Sopes de Chiles

Sopes de Chiles are a vibrant and flavorful Mexican dish featuring thick, handmade corn tortillas topped with a medley of roasted chiles and fresh vegetables. This vegetarian delight is perfect for a satisfying dinner that's both nutritious and delicious.

Sopes de Chiles
30 minutes
Difficulty: Medium
Mexican
420 kcal

Ingredients

  • Corn masa harina - 1 cup
  • Warm water - 3/4 cup
  • Salt - 1/2 teaspoon
  • Poblano peppers - 2 medium
  • Anaheim peppers - 2 medium
  • Zucchini - 1 small, diced
  • Red onion - 1/2 cup, diced
  • Fresh cilantro - 1/4 cup, chopped
  • Olive oil - 1 tablespoon
  • Lime - 1, juiced
  • Feta cheese - 50 grams, crumbled (optional)
  • Avocado - 1, sliced
  • Sour cream - 2 tablespoons (optional)

Steps

  1. In a mixing bowl, combine the corn masa harina, warm water, and salt. Mix until a smooth dough forms.
  2. Divide the dough into 4 equal portions and shape each into a small ball. Flatten each ball into a thick disc about 1/2 inch thick to form the sopes.
  3. Heat a comal or non-stick skillet over medium heat.

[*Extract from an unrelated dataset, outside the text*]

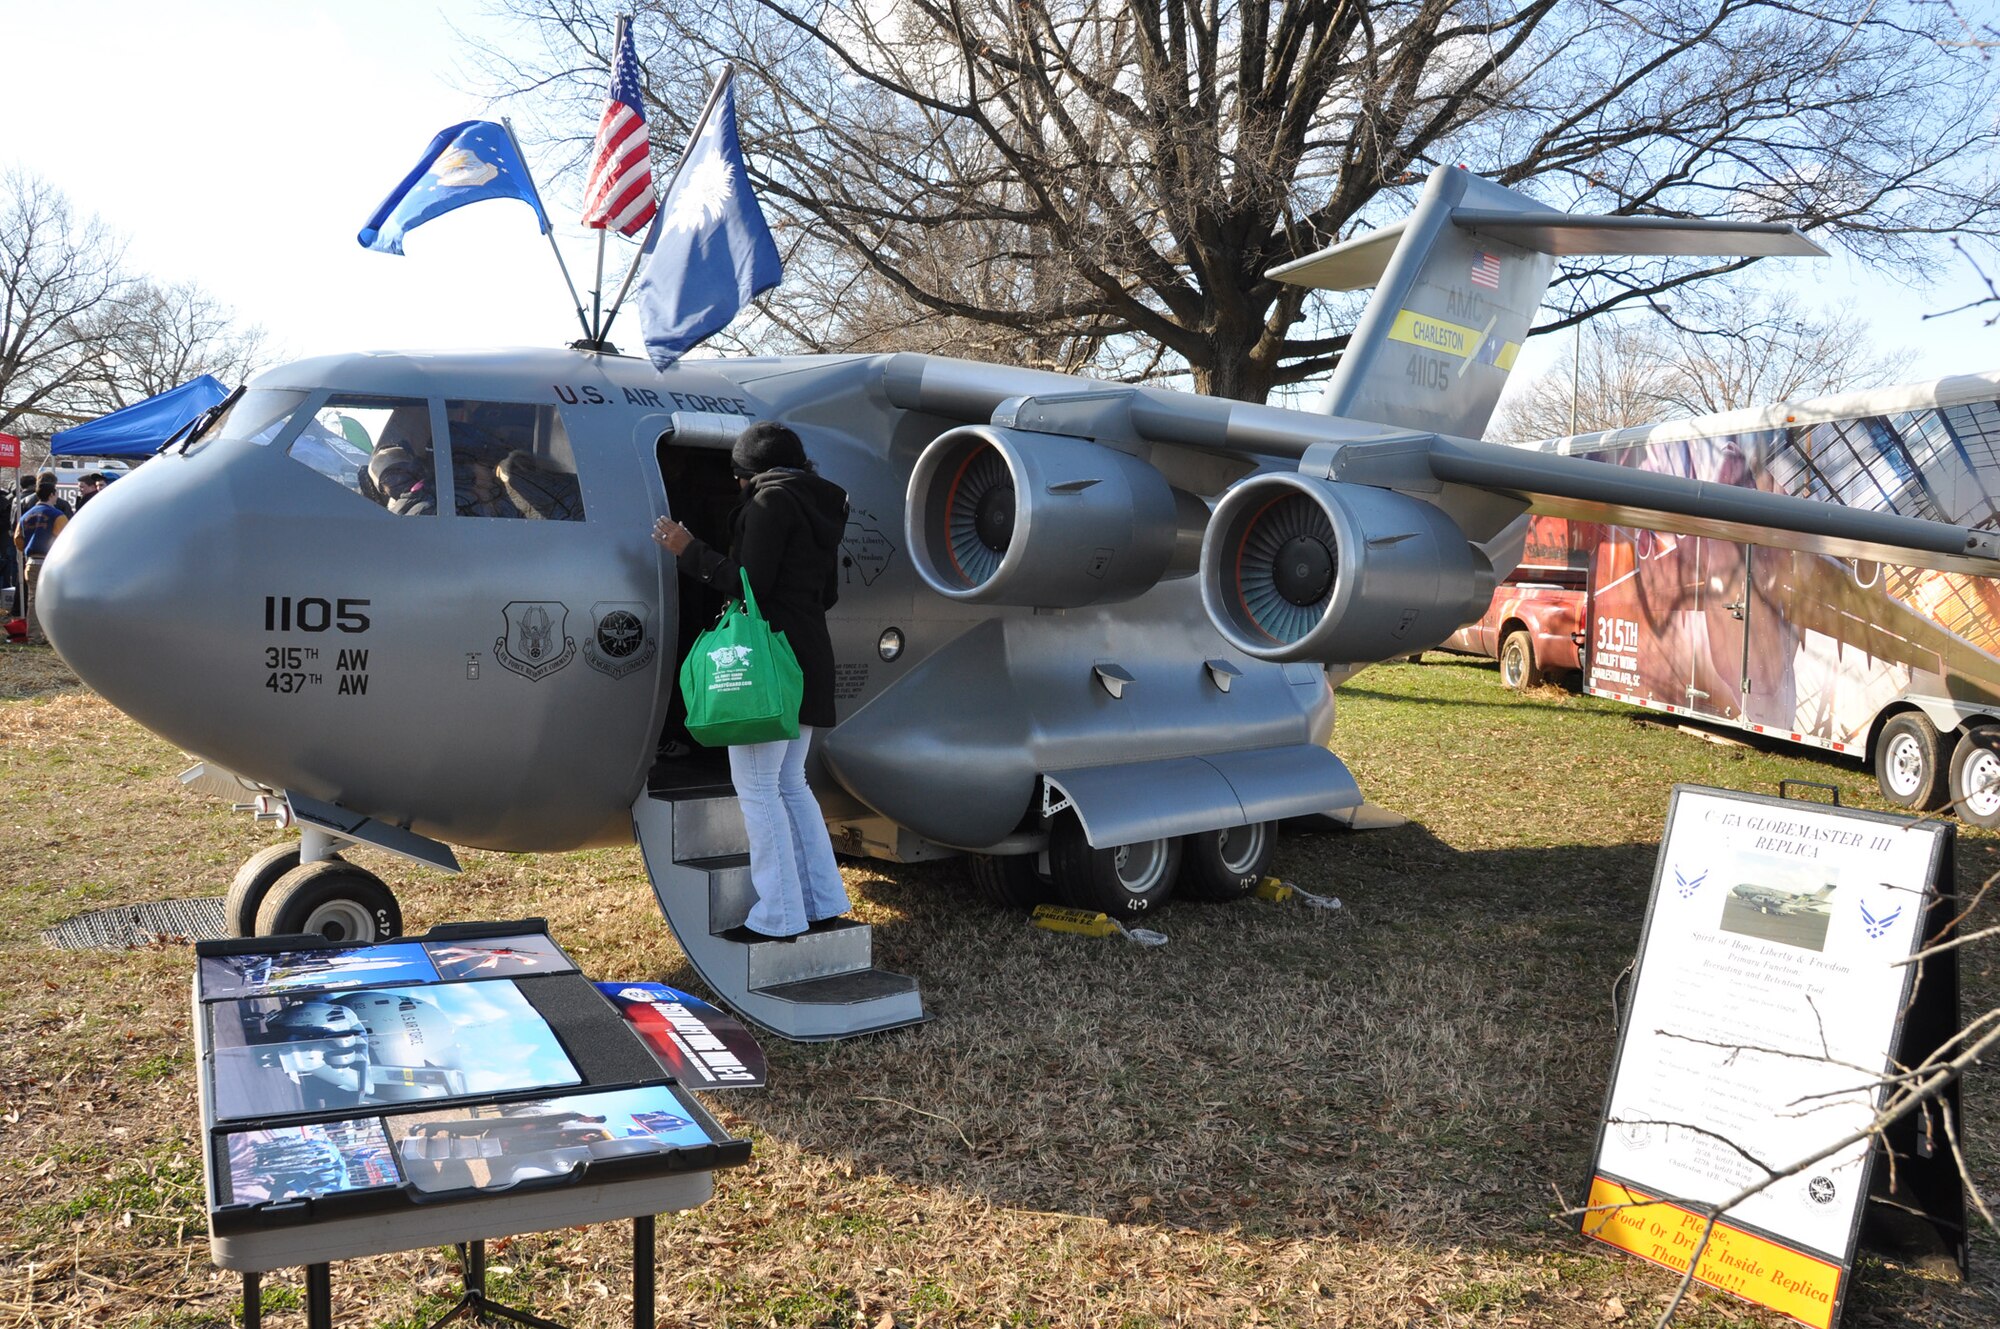 The mini C-17 and Reservists from the 315th Airlift Wing, Joint Base Charleston, S.C. showcase the miniature replica of a Boeing C-17 Globemaster III aircraft at the 2011 Military Bowl at Robert F. Kennedy Stadium Dec. 28, 2011 in Washington, D.C. (U.S. Air Force photo/Senior Airman Bobby Pilch)
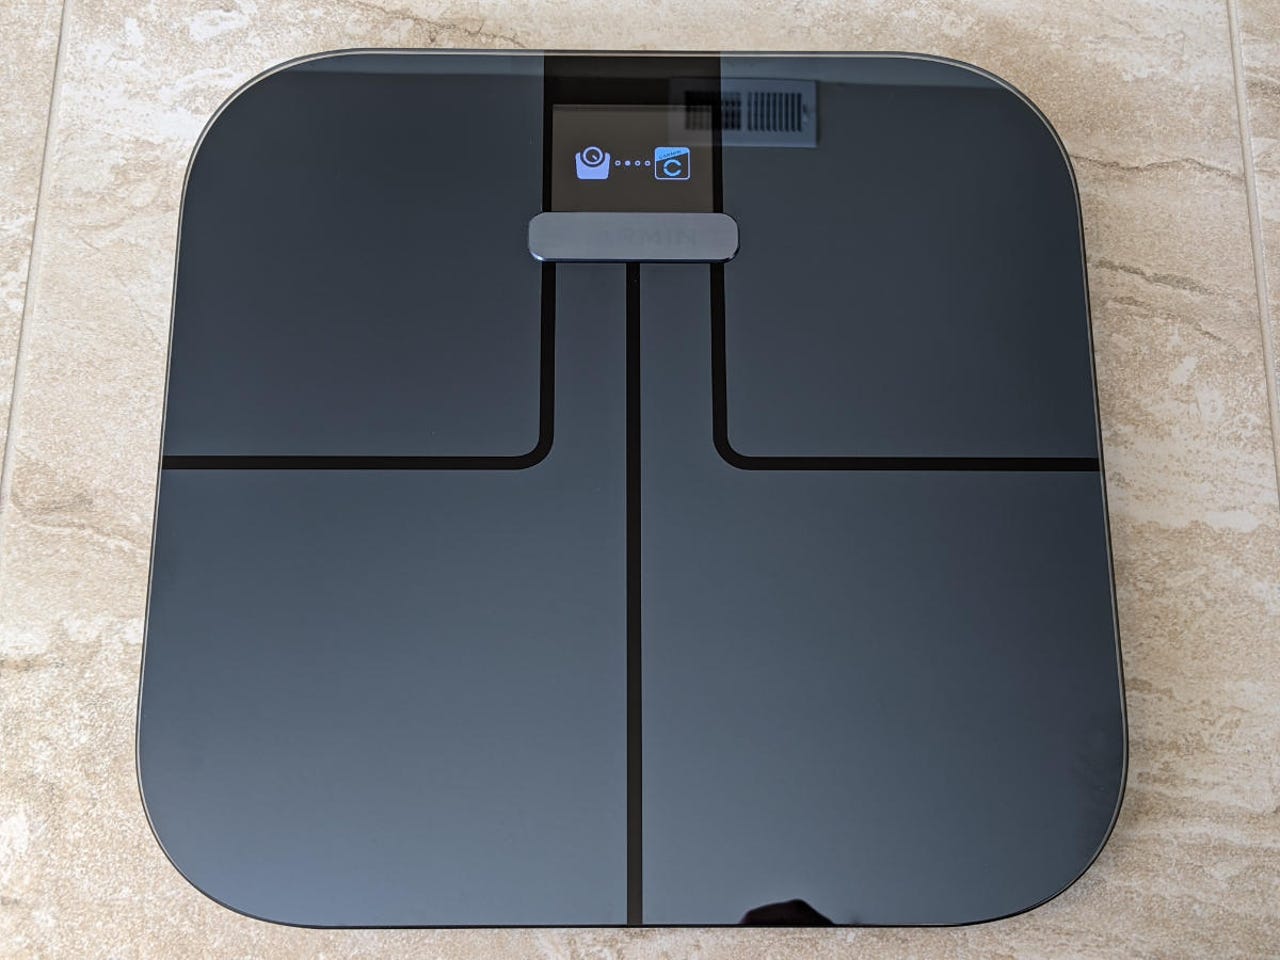 Garmin Index S2 smart scale review: Weight and body metric data help inform  your progress

Cook each sope for about 2-3 minutes on each side until lightly browned and cooked through. Remove and set aside.
  4. Roast the poblano and Anaheim peppers over an open flame or in a broiler until charred. Place them in a plastic bag for 10 minutes to steam, then peel off the skins, remove the seeds, and chop.
  5. In a skillet, heat olive oil over medium heat. Sauté the diced zucchini and red onion until tender, about 5-7 minutes. Add the chopped peppers and cook for an additional 2 minutes.
  6. Remove the skillet from heat and stir in the lime juice and chopped cilantro. Season with salt to taste.
  7. To assemble, place the pepper and vegetable mixture on top of each sope. Top with crumbled feta cheese, sliced avocado, and a dollop of sour cream if desired.
  8. Serve immediately, garnished with extra cilantro and lime wedges.

Nutrition

  • Calories: 420
  • Protein: 12 g
  • Carbs: 54 g
  • Fiber: 10 g
  • Sugar: 3 g
  • Sodium: 480 mg
  • Cholesterol: 15 mg
  • Total Fat: 20 g
  • Saturated Fat: 5 g
  • Unsaturated Fat: 15 g
  • Water: 0.5 L

Health Benefits

  • High in dietary fiber which aids digestion.
  • Rich in vitamins and minerals from vegetables.